From the brief discussion at the beginning of this section, you should already have an idea of how you could combine all that into a single file, if for some reason you wanted to perform that conversion to the sage.gif file over and over and over.

This does not seem to be a very useful thing to automate, and takes quite a bit of typing to boot (although, frankly, not nearly as much work as starting up Photoshop to do something this simple). Let's see what we can do with pipes and shell variables though to cut down on the amount of typing.

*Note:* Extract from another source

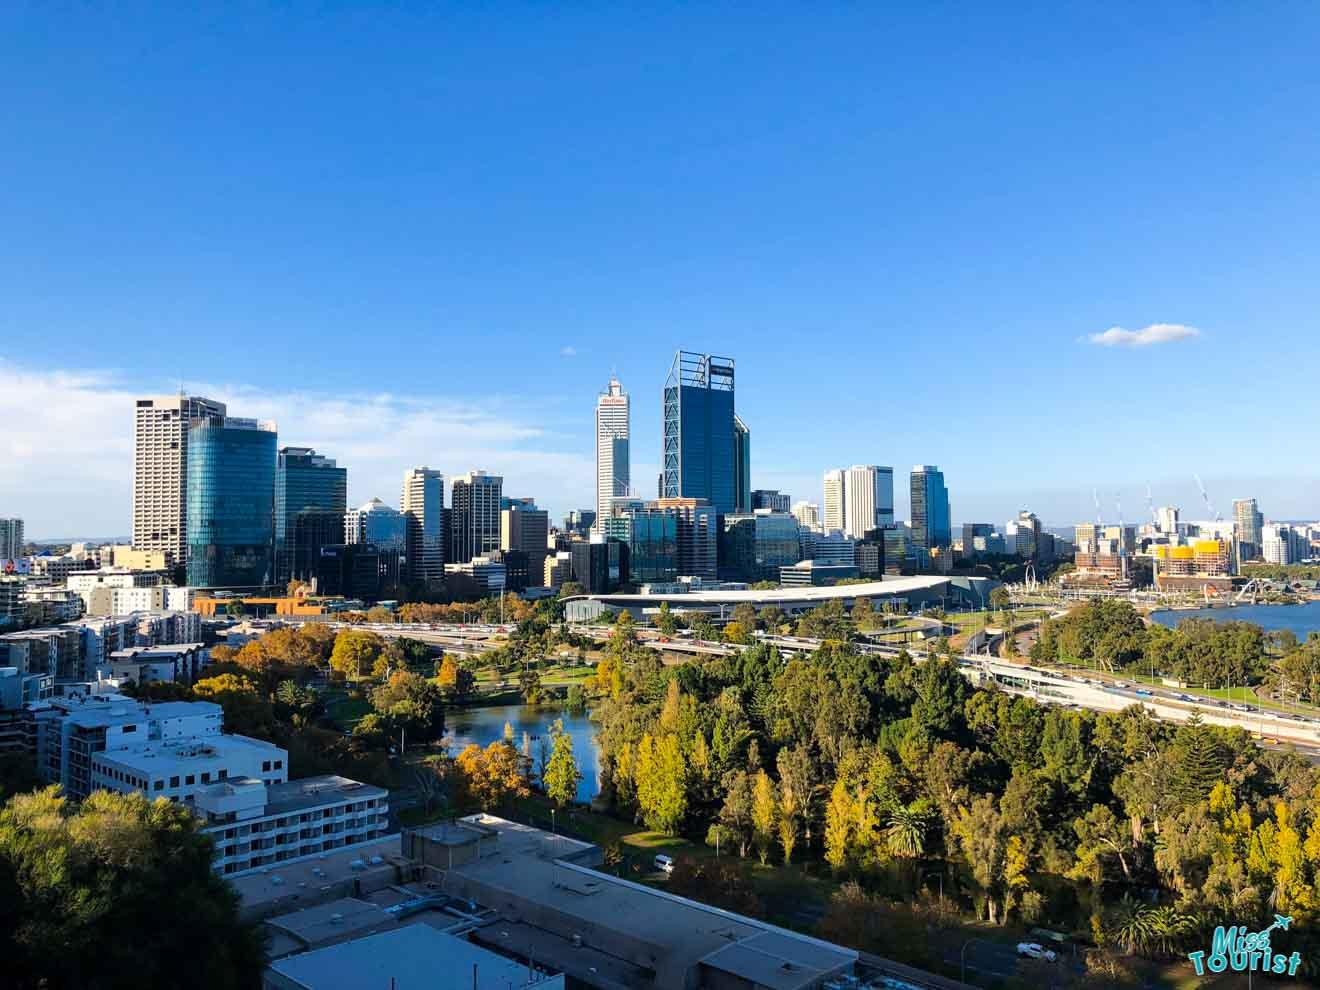 planificador de viaje a wa - Perth Western Australia Road trip

First, observe that all the programs are taking the input files on STDIN and are producing output on STDOUT. Unix command-line programs are frequently like this, and it's a very good thing. Using the power of pipes to connect one program's STDOUT to another program's STDIN, we can shorten that collection of commands to a single command line:

 brezup Documents 287> giftopnm < sage.gif | ppmtopgm | ppmquant 4 | ppmtopict > sage.pict ppmquant: making histogram... ppmquant: 120 colors found ppmquant: choosing 4 colors... ppmquant: mapping image to new colors... ppmtopict: computing colormap... ppmtopict: 4 colors found 

I'll let you verify that the output is graphically identical on a file of your own.

You might think that it's probably not very likely that you'll want to perform this single manipulation repeatedly to the same image. However, there are many times when you'd like to be able to perform a collection of manipulations like that on a number of different images. With what you know about shell variables, you can come up with several ways to abstract that command line so that it could be reused for any GIF file. You might try something like this:

 brezup Documents 288> set infile=sage.gif brezup Documents 289> giftopnm < $infile | ppmtopgm | ppmquant 4 | ppmtopict > $infile:r.pict ppmquant: making histogram... ppmquant: 120 colors found ppmquant: choosing 4 colors... ppmquant: mapping image to new colors... ppmtopict: computing colormap... ppmtopict: 4 colors found 


Note how I used the :r modifier to the shell variable $infile to remove the .gif suffix and added text after it to replace it with my new .pict suffix.


In bash, this looks like

shopt -s extglob infile=sage.gif giftopnm < $infile | ppmtopgm | ppmquant 4 | ppmtopict > ${infile %.+([!/])}.pict

Disgusting syntax, yes?

You could simply use new values for $infile, and you'd have a reusable command that could perform the same manipulation on any GIF image. It's still too much work though, right? Well, remember aliases? We can further automate things by using an alias command to compact that large command-line expression into something more manageable.

brezup Documents 290> alias greyconvert 'set infile=\!#:* ; giftopnm < $infile | ppmtopgm | ppmquant 4 | ppmtopict > $infile:r.pict ' brezup Documents 291> greyconvert sage.gif ppmquant: making histogram... ppmquant: 120 colors found ppmquant: choosing 4 colors... ppmquant: mapping image to new colors... ppmtopict: computing colormap... ppmtopict: 4 colors found


Notice how I've used the history substitution \!#:* to get the arguments passed into the alias, and then put those arguments (although I only expect one, a filename) into $infile?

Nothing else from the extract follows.